In other words, a foreign key is the primary key of one table that appears in some other table. In our database, Person.ident
is the primary key in the Person
table, while Survey.person
is a foreign key relating the Survey
table's entries to entries in Person
.
Most database designers believe that every table should have a well-defined primary key. They also believe that this key should be separate from the data itself, so that if we ever need to change the data, we only need to make one change in one place. One easy way to do this is to create an arbitrary, unique ID for each record as we add it to the database. This is actually very common: those IDs have names like "student numbers" and "patient numbers", and they almost always turn out to have originally been a unique record identifier in some database system or other. As the query below demonstrates, SQLite automatically numbers records as they're added to tables, and we can use those record numbers in queries:
%%sql
select rowid, * from Person;
Done.
rowid | ident | personal | family |
---|---|---|---|
1 | dyer | William | Dyer |
2 | pb | Frank | Pabodie |
3 | lake | Anderson | Lake |
4 | roe | Valentina | Roerich |
5 | danforth | Frank | Danforth |
Now that we have seen how joins work, we can see why the relational model is so useful and how best to use it.
The first rule is that every value should be atomic, i.e., not contain parts that we might want to work with separately. We store personal and family names in separate columns instead of putting the entire name in one column so that we don't have to use substring operations to get the name's components. More importantly, we store the two parts of the name separately because splitting on spaces is unreliable: just think of a name like "Eloise St. Cyr" or "Jan Mikkel Steubart".
The second rule is that every record should have a unique primary key. This can be a serial number that has no intrinsic meaning, one of the values in the record (like the ident
field in the Person
table), or even a combination of values: the triple (taken, person, quant)
from the Survey
table uniquely identifies every measurement.
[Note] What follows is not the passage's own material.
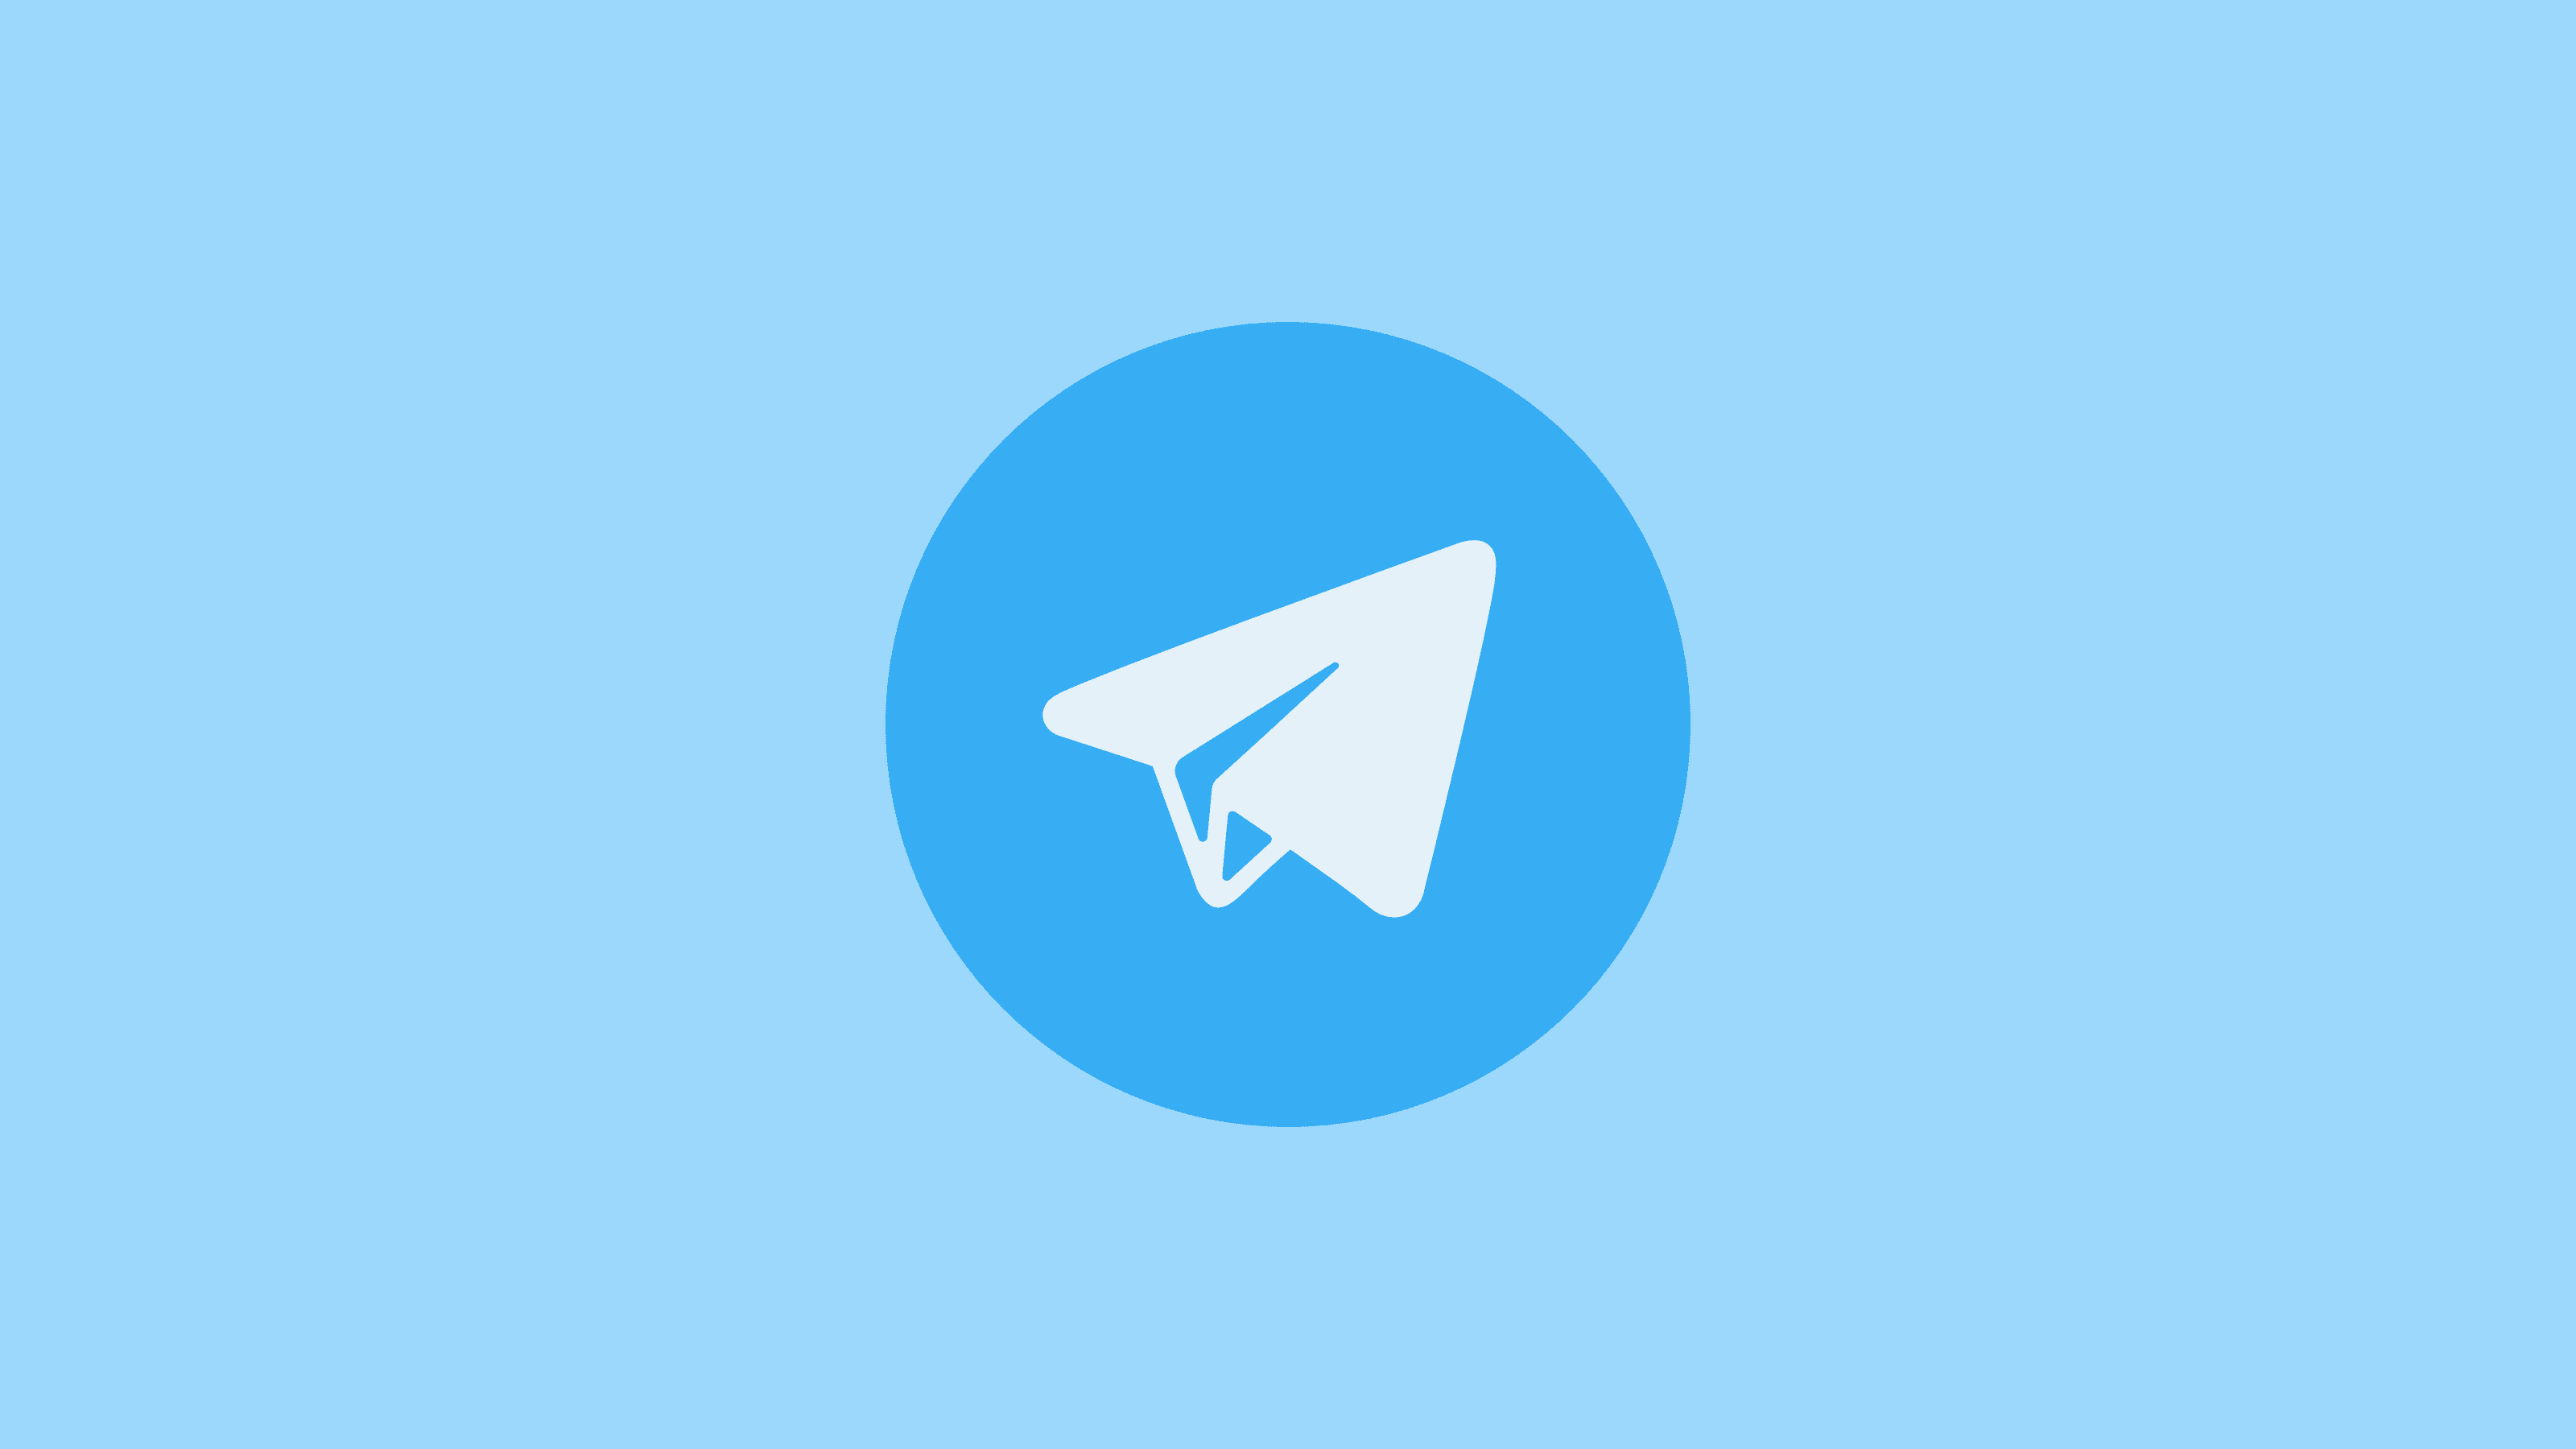 Grupos de Filmes e Series Telegram - Grupos de Telegram

The third rule is that there should be no redundant information. For example, we could get rid of the Site
table and rewrite the Visited
table like this:
619 | -49.85 | -128.57 | 1927-02-08 |
622 | -49.85 | -128.57 | 1927-02-10 |
734 | -47.15 | -126.72 | 1939-01-07 |
735 | -47.15 | -126.72 | 1930-01-12 |
751 | -47.15 | -126.72 | 1930-02-26 |
752 | -47.15 | -126.72 | null |
837 | -48.87 | -123.40 | 1932-01-14 |
844 | -49.85 | -128.57 | 1932-03-22 |
In fact, we could use a single table that recorded all the information about each reading in each row, just as a spreadsheet would. The problem is that it's very hard to keep data organized this way consistent: if we realize that the date of a particular visit to a particular site is wrong, we have to change multiple records in the database. What's worse, we may have to guess which records to change, since other sites may also have been visited on that date.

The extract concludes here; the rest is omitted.